The ‘Arab Spring’ or ‘Arab Awakening’ that began in Tunisia in 2010 and spread rapidly to several other countries in West Asia and North Africa has been the subject of intense debate and speculation. Most outsiders, however, have focused mainly on the conflicts sparked off by the ongoing churning between the Islamists and secular or liberal elements in these countries. But its effect on Islamism—or ‘political Islam’—has largely been ignored.

Former Indian diplomat and Islamic scholar Talmiz Ahmad, however, arg­ues that “the principal competition” at present is between opposing str­eams of political Islam itself.
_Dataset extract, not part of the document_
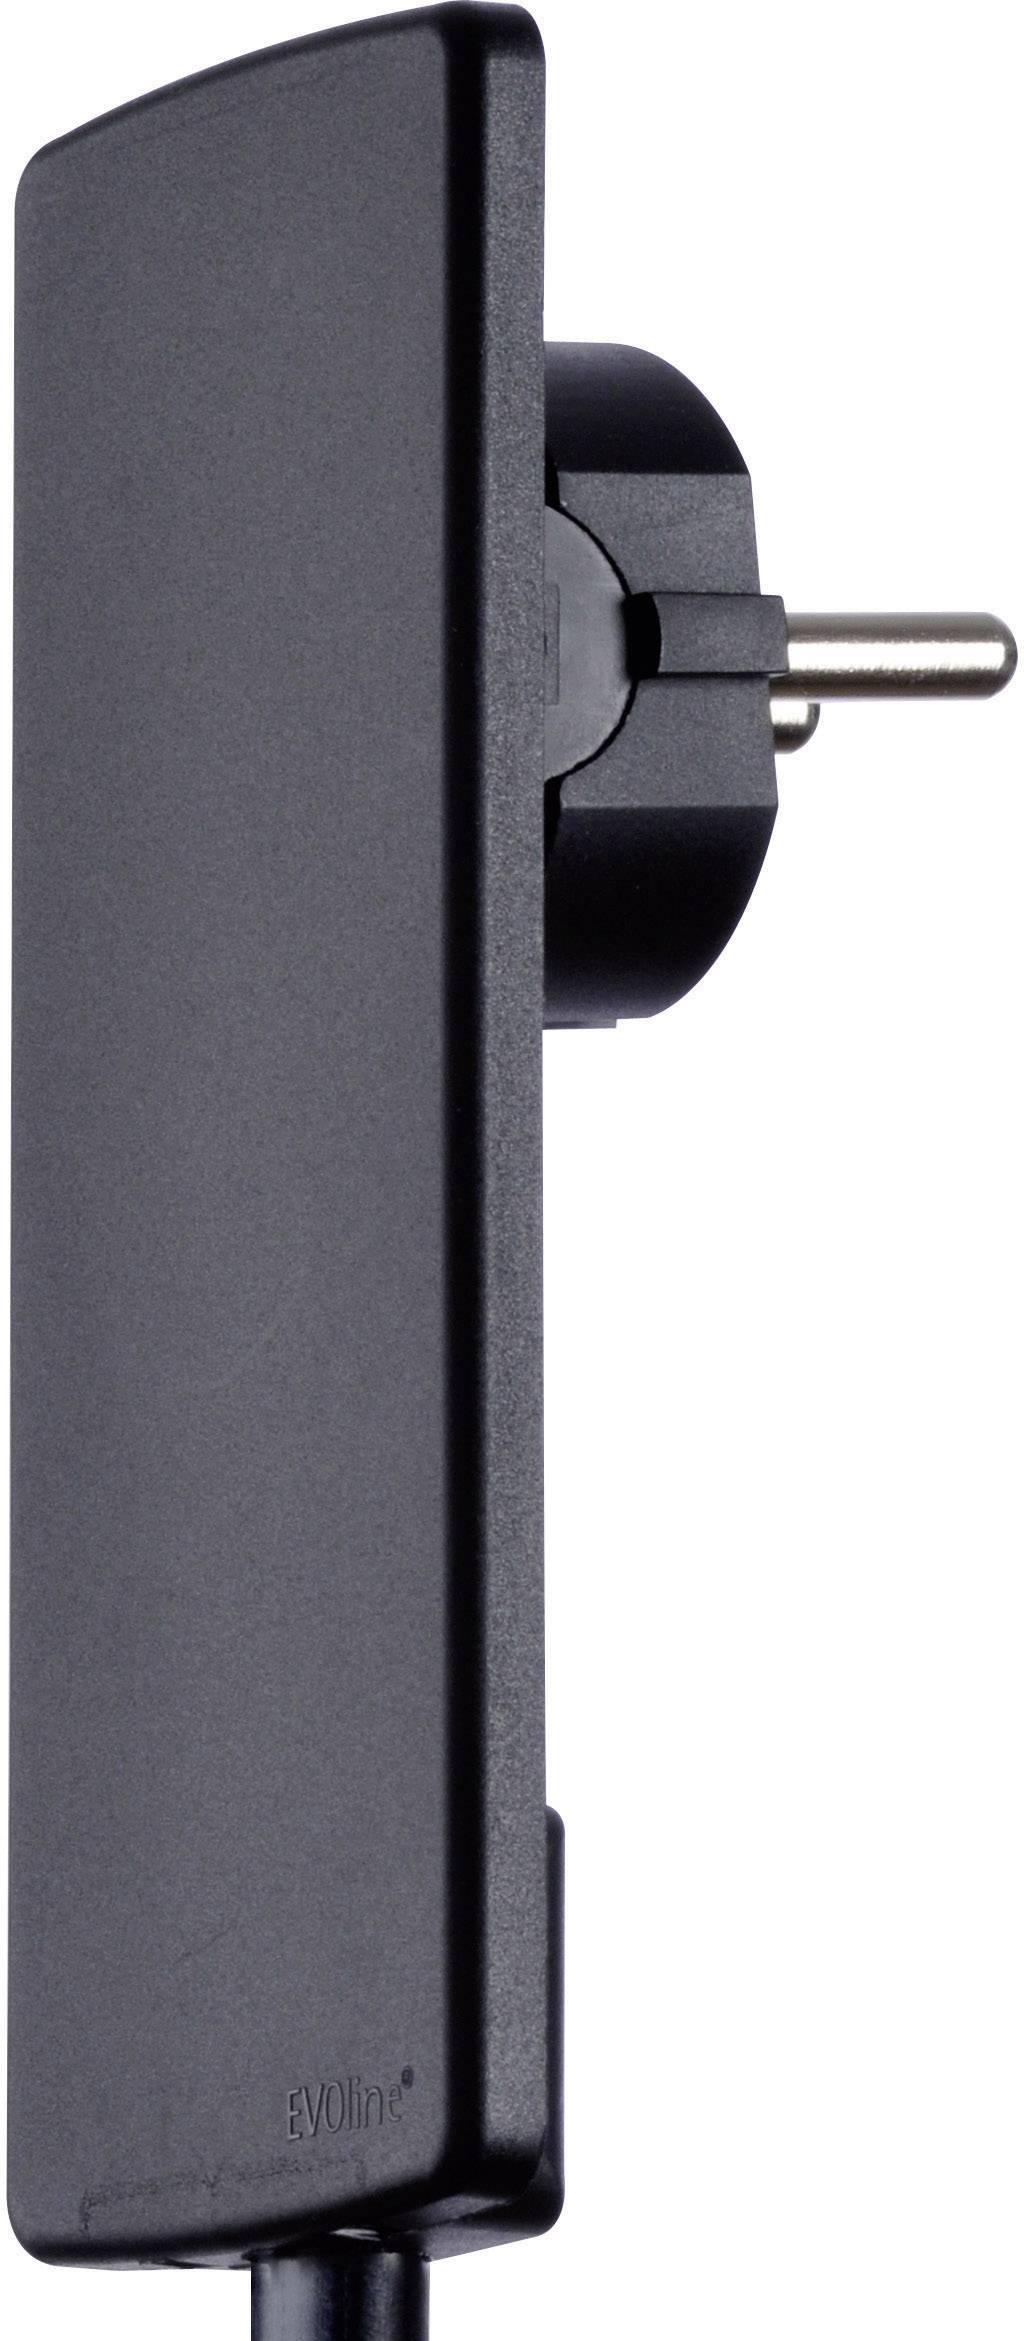 Plochá zástrčka SchuKo EVOline EVOline Plug 103219, umelá hmota, 230 V, čierna
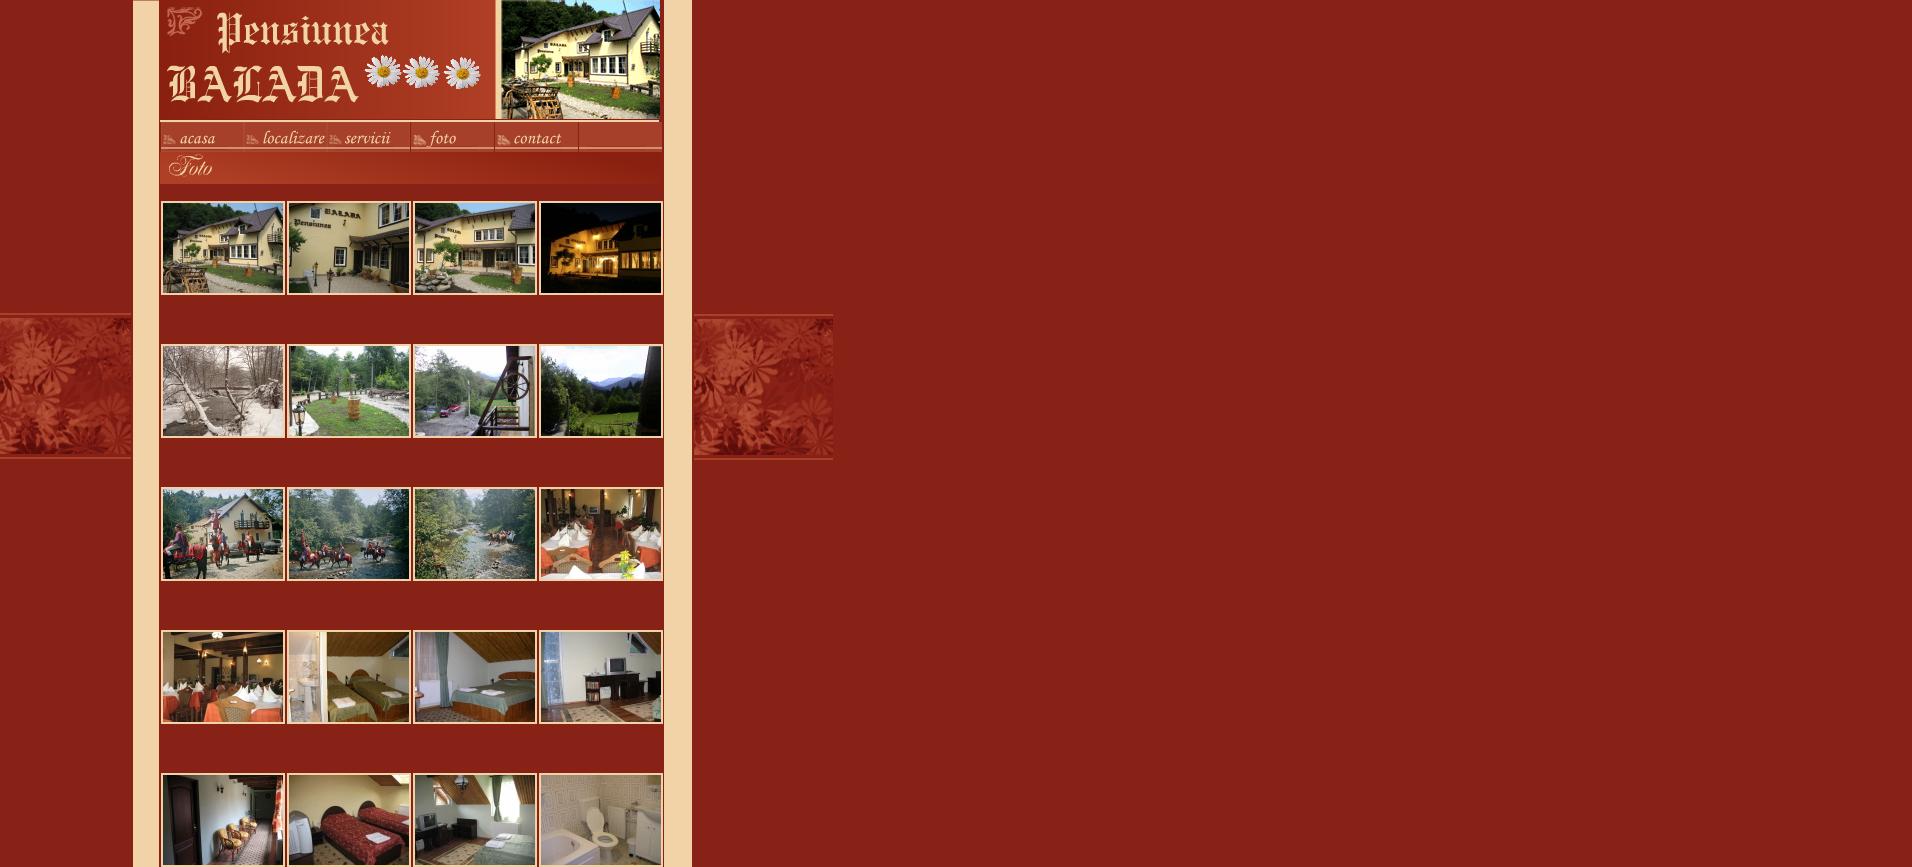 Screen Shot 2014-09-28 at 7.47.18

In this new book, Ahmad tries to show how this competition among Islamists of different theoretical lineages and tactical persuasion is likely to shape the reality that finally emerges in many of these countries more than any simplistic conflict between Islam and the West.

According to him, Islamism has manifested itself over the last century in three broad strands: the (politically) activist tradition of Egypt’s Muslim Brotherhood that has also influenced other countries; the quietist Salafism of the Wahabiya in Saudi Arabia that prefers a certain aloofness from the political realm; and the radicalised strand of the latter represented by Al Qaeda and its affiliates, devoted to violent intervention. “None of the strands are monolithic, nor are any of their organisational structures or even belief-systems cast in stone,” Ahmad reminds us, indicating that the position taken by the competitors might change according to the new challenges or opportunities they face.

Therefore, what political shape countries in the region might finally evolve is still uncertain. But by running us through the origin and evolution of the debates and the relations amongst the competitors and other key players in ten chapters, the book gives the reader a good idea of what to expect.

Why is it relevant? That’s a no-brainer. Besides the cultural and geopolitical links, more than six million Indians live and work in WANA (West Asia and North Africa). Moreover, of course, it serves as the main source for our energy needs. Ahmad’s book is useful for anyone trying to understand WANA better and is a valuable addition to the ongoing debate in an area which is of vital global importance.